We sell the platform and the AI layer, not the hardware.

Bilbs is the software: a lawyer-facing web app, an admin console, retrieval and inference, identity and access control, an audit log, and the connectors that read your firm’s documents. You provide the infrastructure it runs on, and a free consultation recommends which kind. We never resell hardware at a markup, and your firm’s data is never used to train Bilbs’, Anthropic’s, or anyone else’s models.

[ 03 · Who it’s for ]

Built for firms that hold confidential files.

Bilbs fits any practice that lives on privileged documents, from a 5-lawyer boutique to a 100-plus-lawyer national firm. It is a particularly strong fit when data residency, Loi 25, or a client’s AI questionnaire requires the AI to live inside the firm.

By size

Boutiques to national firms, 5 to 100-plus lawyers. Four hardware references map to the size of the practice; the platform is the same throughout.

By practice

Litigation, corporate, real estate, family, IP, in-house legal departments, and notarial offices. Bilingual French and English by design.

By pressure

Firms facing Loi 25 obligations, client AI questionnaires, shadow-AI risk, or succession risk on senior rainmakers.

[ 04 · Where it runs ]

Local first. Cloud if it fits.

Path A

On your own hardware

Open-weight models (Llama, Qwen, Gemma, Mistral) served locally with llama.cpp on a GPU server in your office. Fully offline, it can run with the internet cable unplugged. Use hardware you already own, or we source it for you at cost.

· Nothing leaves the building
· You keep the fine-tuned model
· Installs from a USB key in ~30 minutes

Path B

In your AWS Bedrock account

The same platform, calling Claude through Amazon Bedrock in your own AWS account and region. No hardware to buy or maintain. Your prompts and documents stay inside your AWS tenancy and are not used to train the model.

· No hardware, no capex
· You choose the AWS region
· You pay AWS for Bedrock + Claude usage

Not sure which fits? The free consultation looks at your firm’s size, IT, and confidentiality requirements and recommends a path, with the hardware spec or the Bedrock estimate written down.

[ 05 · What it does ]

The capabilities that ship today.

Ask your matters

Plain-language questions answered from your own documents, every answer cited to the exact source file and paragraph.

Draft from precedent

First drafts of memos, letters and clauses built from the firm’s own templates and prior work, not a blank page.

Transcription & OCR

Offline Whisper transcription of calls and dictation, and Tesseract OCR (French + English) for scanned PDFs.

Matters, roles & access

Matter-scoped access with role-based permissions, so lawyers only see what they’re entitled to.

Audit log

Every prompt, answer and citation recorded, exportable for a client questionnaire or an internal review.

Redaction

Detect and redact personal and privileged information before documents are shared or exported.

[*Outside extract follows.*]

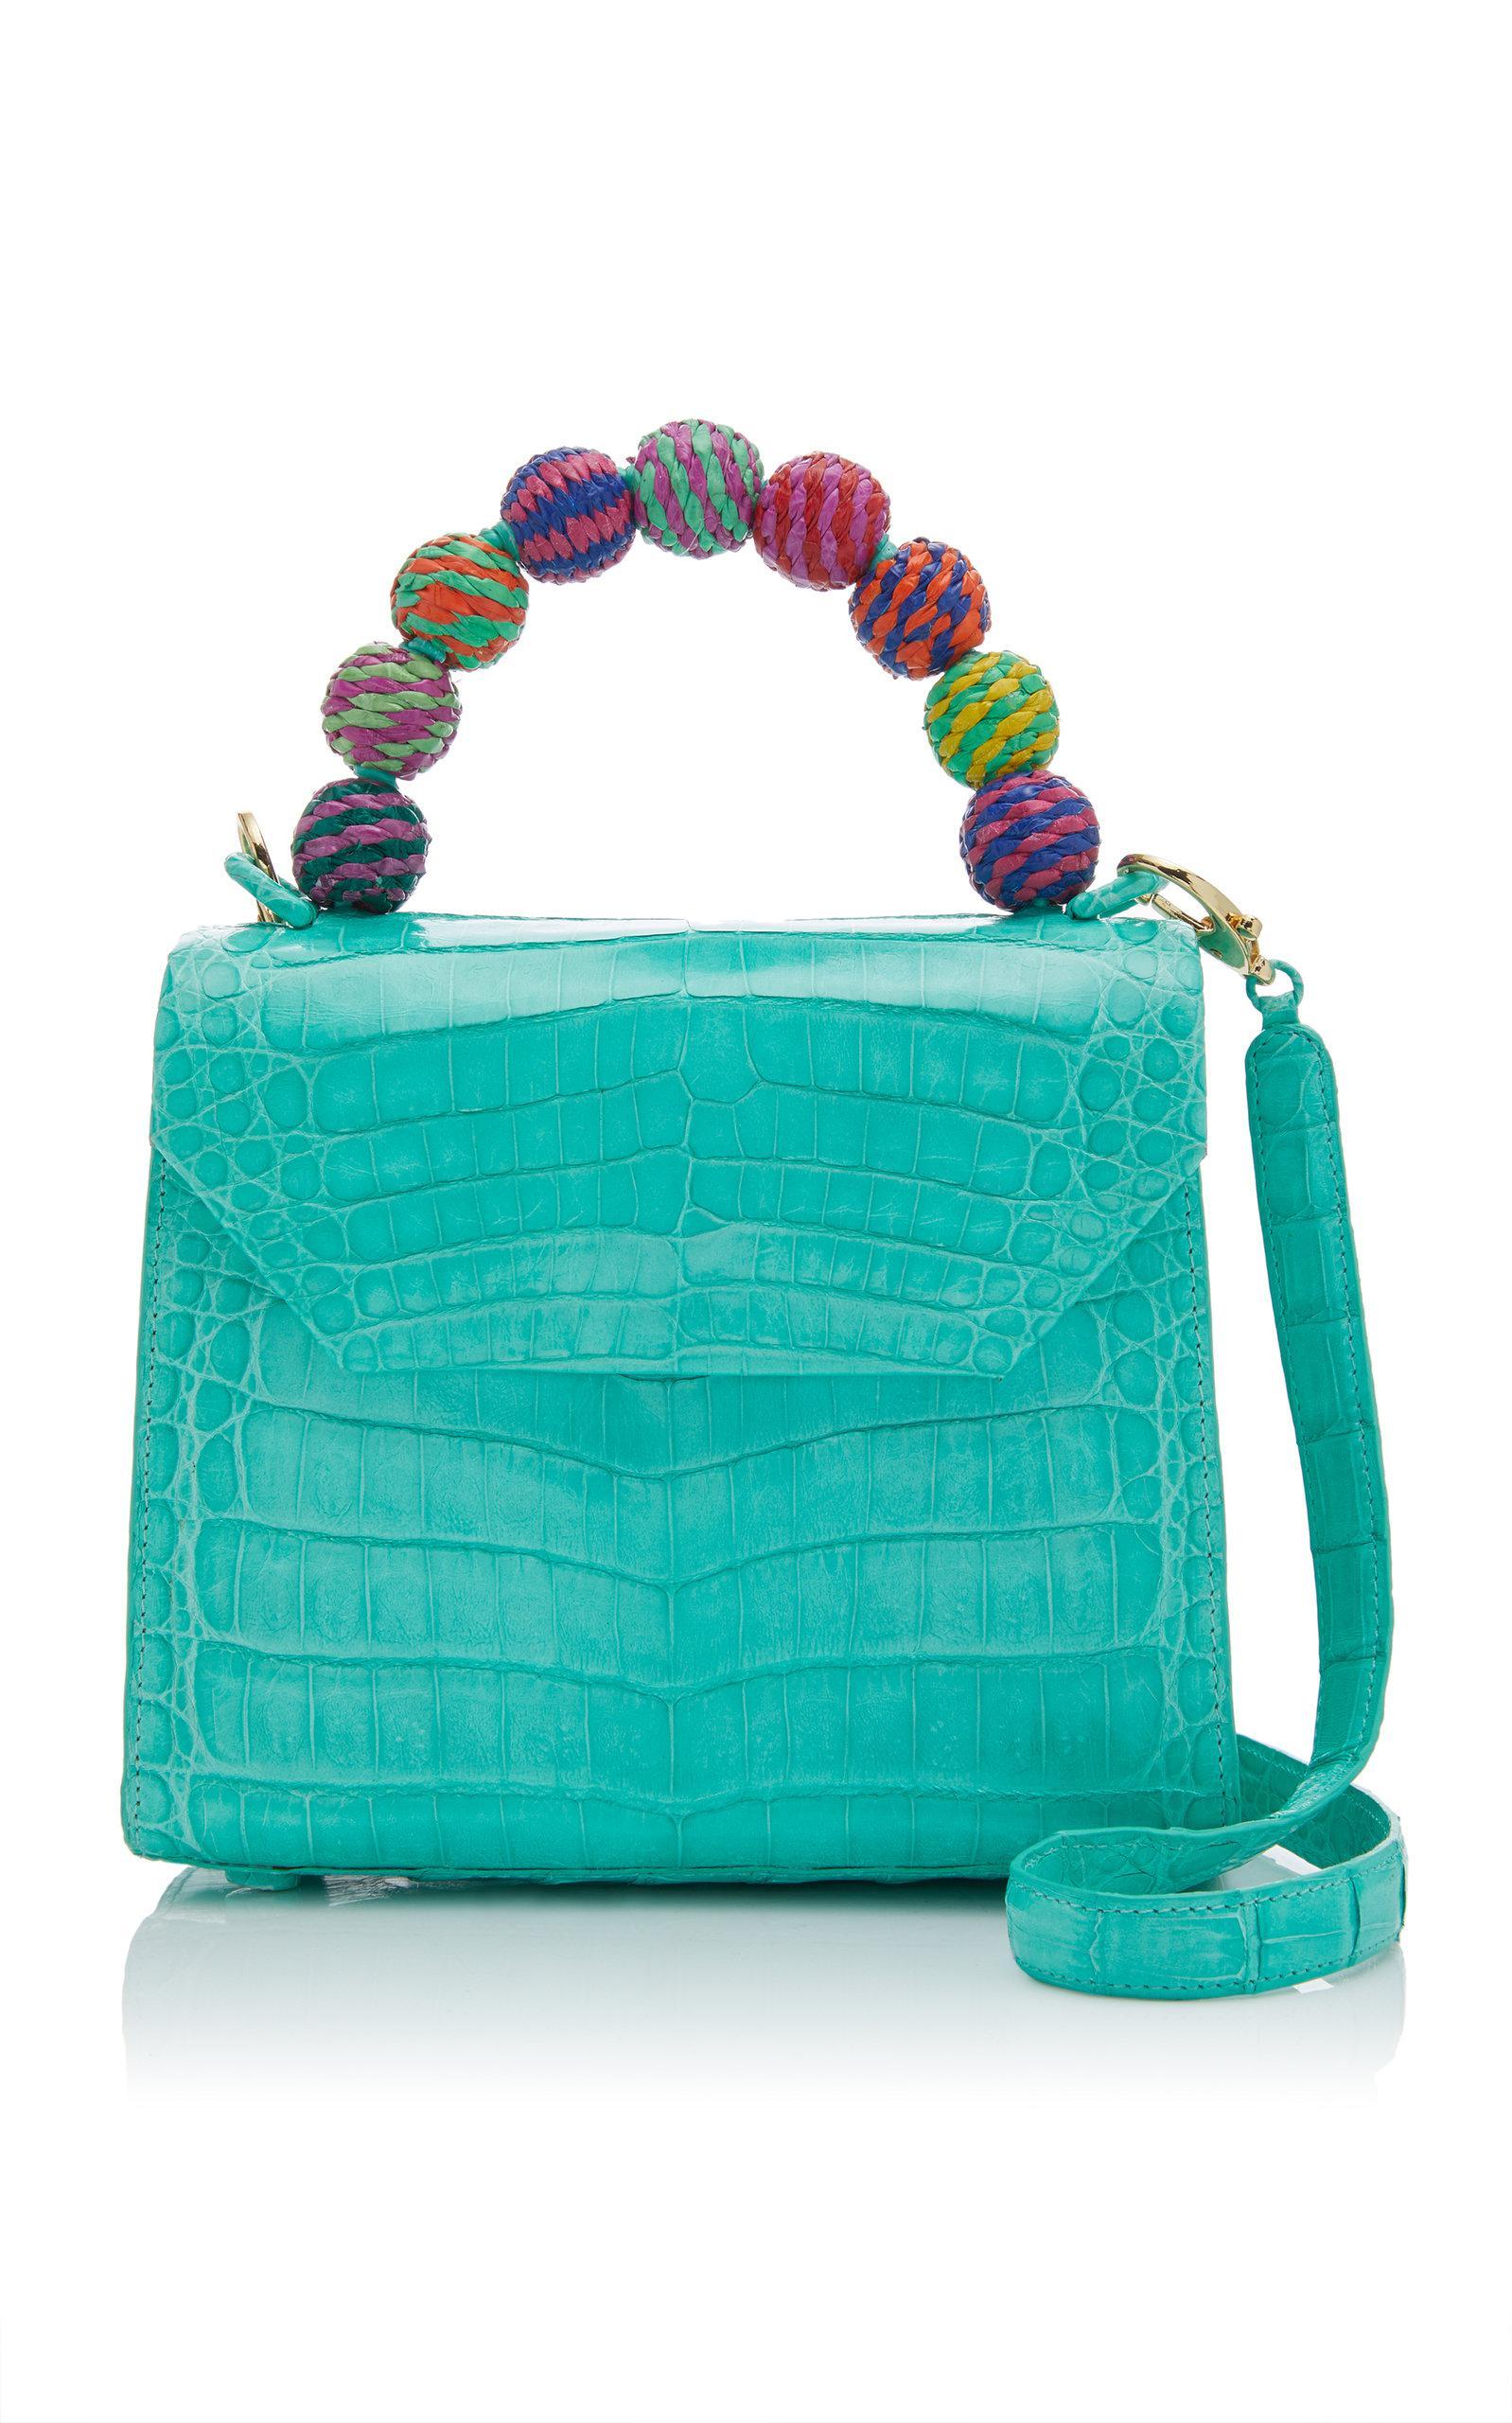 240f3af82ee7 Lyst - Nancy Gonzalez Lily Fiesta Mini Crocodile Top Handle Bag in Blue
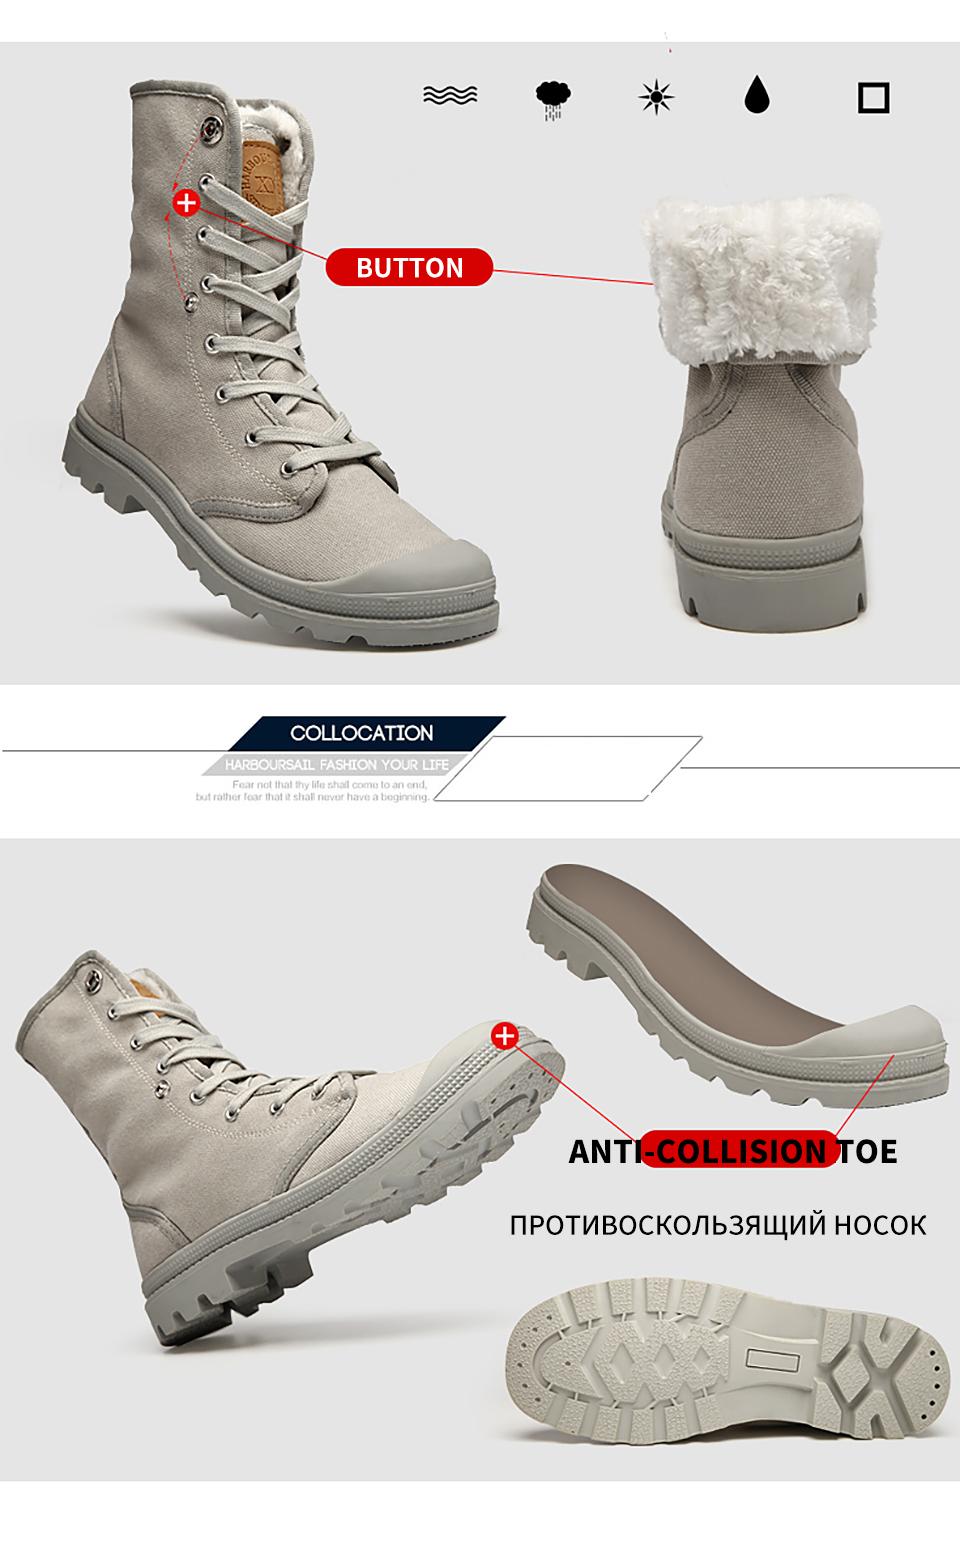 Kualitas Musim Gugur Dingin Pria Kanvas Sepatu Fashion Hangat Pantofel Grey Cadilac 295 Cm

[ 06 · Your data & Loi 25 ]

Your data stays under your control.

On the local path, documents and prompts never leave your building; the server can run air-gapped. On the AWS Bedrock path, everything stays inside your own AWS account and the region you choose, and Claude on Bedrock does not train on your inputs. Either way, access is controlled per matter, every interaction is logged, and answering a client’s “where does our data go?” questionnaire becomes a one-page answer. Loi 25 and PIPEDA were the design constraint, not an afterthought.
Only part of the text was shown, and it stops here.